Демидов написал, кстати, наверное, отчасти под влиянием Шаламова свою лагерную прозу, очень сильную, из которой самый известный рассказ — «Дубарь». Рассказ, который каким-то — знаете, вот странно про него говорить — он каким-то острием своим, своей сутью Шаламову абсолютно противопоставлен. Про что там история? Там заключенному надо похоронить дубаря, и он не знает, кто умер. А оказывается, что родила зечка, и надо похоронить младенца. Он думает, что младенец уродливый, крошечный, скелетик такой, а ребенок абсолютно здоровый и какой-то удивительно гладкий, масляный, сливочный, пишет он, и удивительно красивый. И когда он его хоронит, то он испытывает чувство благодарности и восхищения, потому что вот человек даже здесь, даже в этом условии, даже вот этот мертвый ребенок напоминает о божественном величии каком-то, как это ни ужасно.

А вот у Шаламова, я думаю, он бы его сожрал. Вот так бы это было. Или что-нибудь еще бы он с ним сделал, но, во всяком случае, он бы не восхищался, он бы не благодарил, он бы только ужасался, потому что для Шаламова все в лагере напоминает об унижении, об отвращении, гибели человека, все распад, все мерзость.

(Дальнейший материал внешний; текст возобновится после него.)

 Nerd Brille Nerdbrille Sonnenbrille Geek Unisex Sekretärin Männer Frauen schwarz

Там есть замечательный совершенно рассказ — «Артист лопаты», где герой на какую-то секунду поверил, что к нему десятник относится хорошо, выписывает ему деньги, а деньги эти он ему выписывал только для того, чтобы нагло присвоить. Вообще все абсолютно тексты «Колымских рассказов» — это истории о том, как Крист, главный герой такой шаламовский, разочаровывается в новых и новых людях. Интеллигенты оказываются все сплошь и рядом гнилыми, урки все со своей блатной романтикой живут по принципу «умри ты сегодня, а я — завтра». Простой рабочий паренек, которого Крист утешал когда-то в камере тюремной и пытался его ввести как-то в азы тюремного быта, попав на Колыму, Криста именно гнобит с самой большой жестокостью, потому что сущность его рабская, Шарикова. И это жуткие совершенно рассказы о том, как любая надежда на человеческое оборачивается очередным крахом, очередным человеческой полной несостоятельностью. Потому что человек по Шаламову — это такая абсолютно людоедская скотина, на которую наброшен очень тонкий покров человечности, культуры, цивилизации, и все это слетает после месяца голода.

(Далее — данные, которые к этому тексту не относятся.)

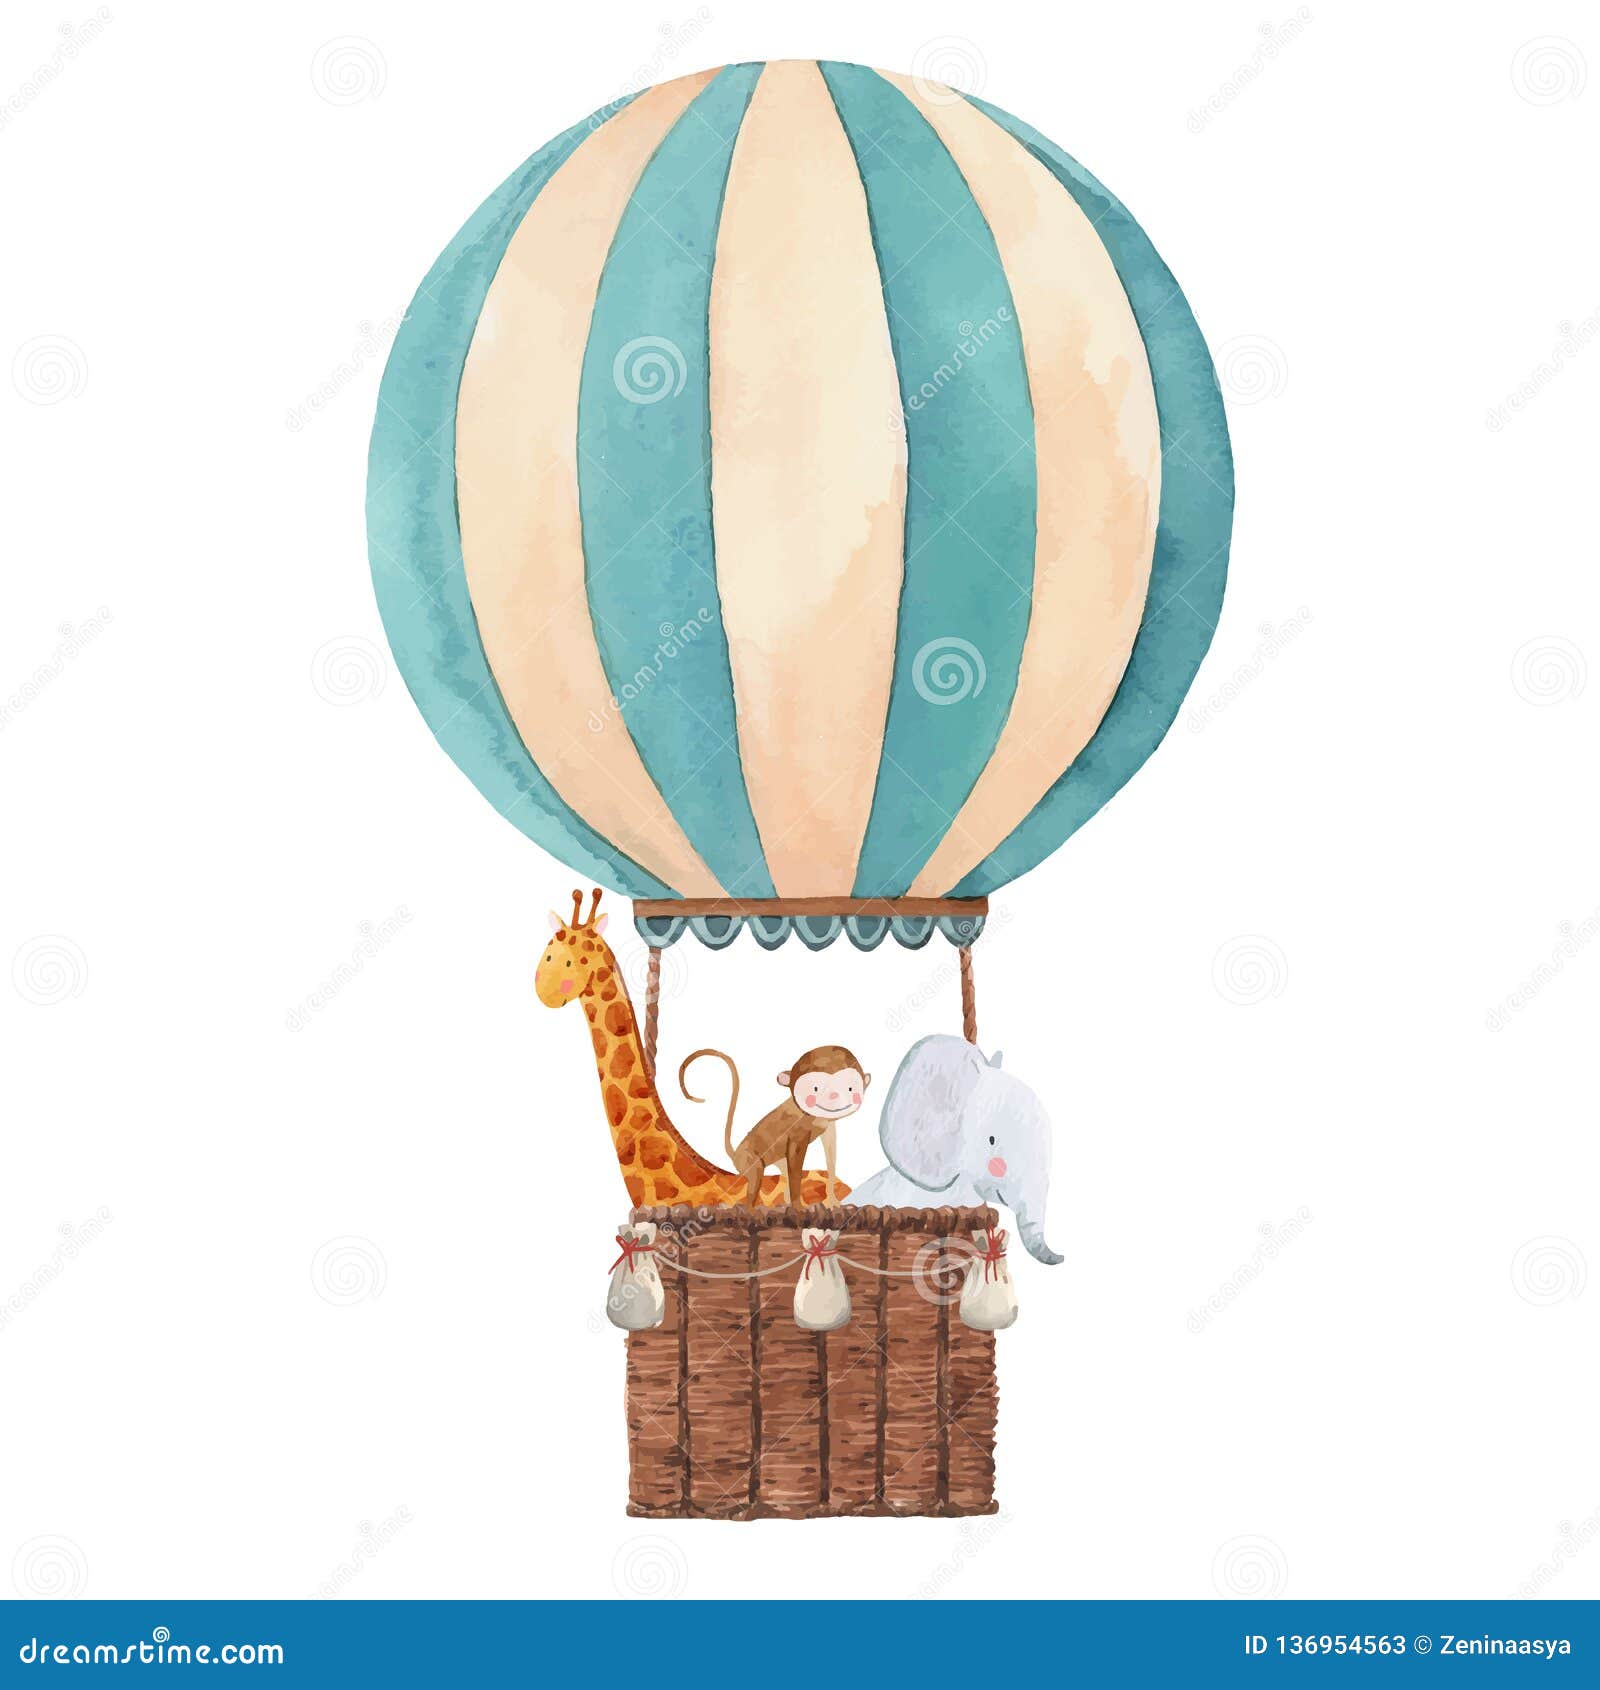 watercolor air baloon

Холод — это вообще по Шаламову самая страшная вещь, потому что воздействие холода тотально. Человек, стиснутый холодом, ни на минуту не свободен. Холод — это постоянное напоминание о ничтожестве.

Когда я вот давеча был в Норильске и смотрел там фотографии удивительных изобретений Косарева, который там придумал свои знаменитые зеркала, свою машину времени, когда я читал о каких-то подвигах Льва Зильбера, который выдумал гнать из ягеля спирт, когда я читал стихи того же Шаламова, сочиненные на Колыме, мне иногда хотелось поверить, что человеческий дух всесилен. Но Шаламов свои шесть книг написал для того, чтобы сказать: «Нет, не всесилен, бессилен. Человека надо преодолеть». А как его преодолеть — непонятно. Непонятно, что за человеком.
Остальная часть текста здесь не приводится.